I know...just thought I'd throw in my nickel's worth.

----------


## hunter63

> After. Sorry I started this in another thread but didn't want to discuss it further there.  I grew up out here, learned to hunt on this property, never with any issues. Im curious now if PG&E owned it before and nothing was ever said. I just got off the phone with the county property manager and got a better understanding. I understand more what the issues are. I guess i'm griping about the people who abused the property to the point where they had to restrict it.
> 
> My grandparents spent the last half of there lives in this house. I moved to Kentucky, came back to California, and eventually moved back to what I considered home. Fishing out the front door and hunting out the back.
> 
> 
> Rick- I've tried the suggestions you said that wear feasible. Nothing can be done. Of course I can "just move" I plan on that. I'm more irritated how things changed and home isn't home anymore, because of the people that ruined it for everyone else. People that come out and dump all there crap, come out and tear everything up on ATVs and shoot everything making a mess.
> 
> Tresmon- There are signs about every 500 meters and then they stop at a point. 
> 
> What are your thoughts? Simply stay off? Or go far out of view and stay low?


My advice is to move on, what was yesterday isn't here today nor will it ever be appearantly, that location.

You have been given several good suggestions, what you do is now up to you......so I would say move on, use your head and try to find new places.

----------


## southard

Thank you Benesse. But its basic tactical planning make them think its to their advantage or that they're getting one over on you. Besides that it adds security to your house cause then you wouldnt have that blind spot or fire hazard.

----------


## southard

Shucks ya'll are gonna make me blush. It was something we de did as kids with the older Christmas tree farmers in OR. One or two days stacking hay or riding fence what have you cause they could only afford seasonal hands and only 1 fulltime hand. Then we could hunt their property, even got a property owner tag once and to shoot "goats" in the off season (any deer shot while protecting the crops off season had to be surrendered to the authorities). Had deals on both Mtn ranges and 1 in the valley.

----------


## Winter

It plainly says "No trespassing dumping".

I'm not sure what that means.

----------


## Rick

Let us start with the word trespass.It's from the Latin "trans" meaning, across, over, beyond. on the other side combined with the Latin "passer" which means, to have pee-waddins kicked out of you, Dutch rub or, more common in today's lexicon, wedgie. Shall I go on?

----------


## intothenew

> So you would go regardless of the sign? Or are you just saying find other places?

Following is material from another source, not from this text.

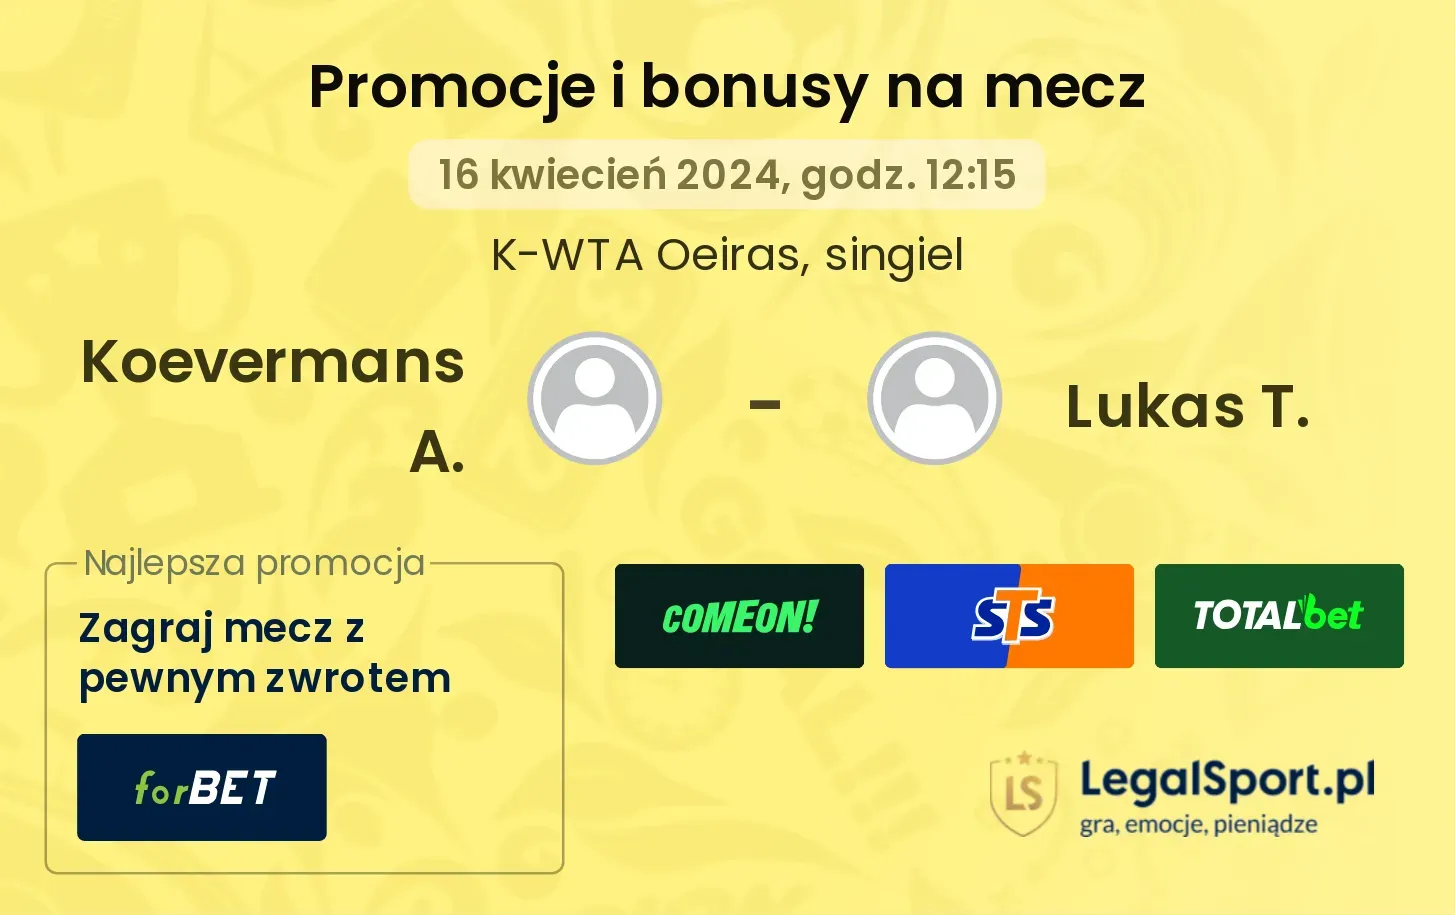 Koevermans A. - Lukas T. promocje bonusy na mecz

Find other places, and you will not regret it. 

I couldn't walk past that sign and enjoy it, could you? You are irritated on this side of that sign. intothenew is my advice.

----------


## LowKey

At least you still have the view. Where I grew up, all the woods and fields have houses on them now. No one will ever hike, play, or climb a tree there ever again.

----------


## matt47

Yep, better move on...for me I had to leave the continent entirely to find the kind of land I was looking for....Land use issues are a major reason why I chose to leave N. America in the first place and seek greener pastures overseas. Where I am now I am not hindered by all the rules, regulations, game wardens, civilian wannabe cops running around the woods,  and lack of access to wilderness land for hunting and livelihood that I found totally unacceptable in N. America. No I wouldn´t go back...And where I am now there are no farms or towns or private property within hundreds of miles! Its a breath of fresh air compared to southern Canada culturally and physically from where I grew up which is full of childish land owners who scream bloody murder when you dare to walk past their driveway...

----------


## Rick

Well, at least you have lots of land. That's a good thing for a country that has had 20 constitutions and 30 years of civilian rule. Keep those fingers crossed. Canada has had...oh, let me see...one constitution. You know that country is slightly smaller than Nevada, right? You traded Canada for Nevada. Canada! They are North America's less trigger happy half. And you won't get Poutine down there that's for sure. But, if things get slow you can always mosey over to Columbia and become a mule. Good luck in the next coup.

----------


## matt47

I'm talking about OZ mate, which is as big as the continental US, not Nevada lol...that's where my bush place is...in the *outback*.....Colombia is in South America and there ain't no coups down under....I am on vacation in S. America at the moment but ain't no way I live here, people take trips now and then to other places you know.....and I never cared much for poutine....so what are you talking about?

----------


## Rick

You need to clarify when the only thing you offer is an IP address. But, still. It's Canada. What's not to love, eh? They gave us Jim Carey...okay, not a good example. Mike Myers...okay not a good example. Pamela Anderson....okay, I'm drawing blanks at the moment. Oh! I know. William Shatner. There you go. Star Trek! See? What would life be without the Negotiator? Hmm?

----------


## matt47

################

----------


## crashdive123

Gun license?  Hmmmm.....never had one. :Innocent:

----------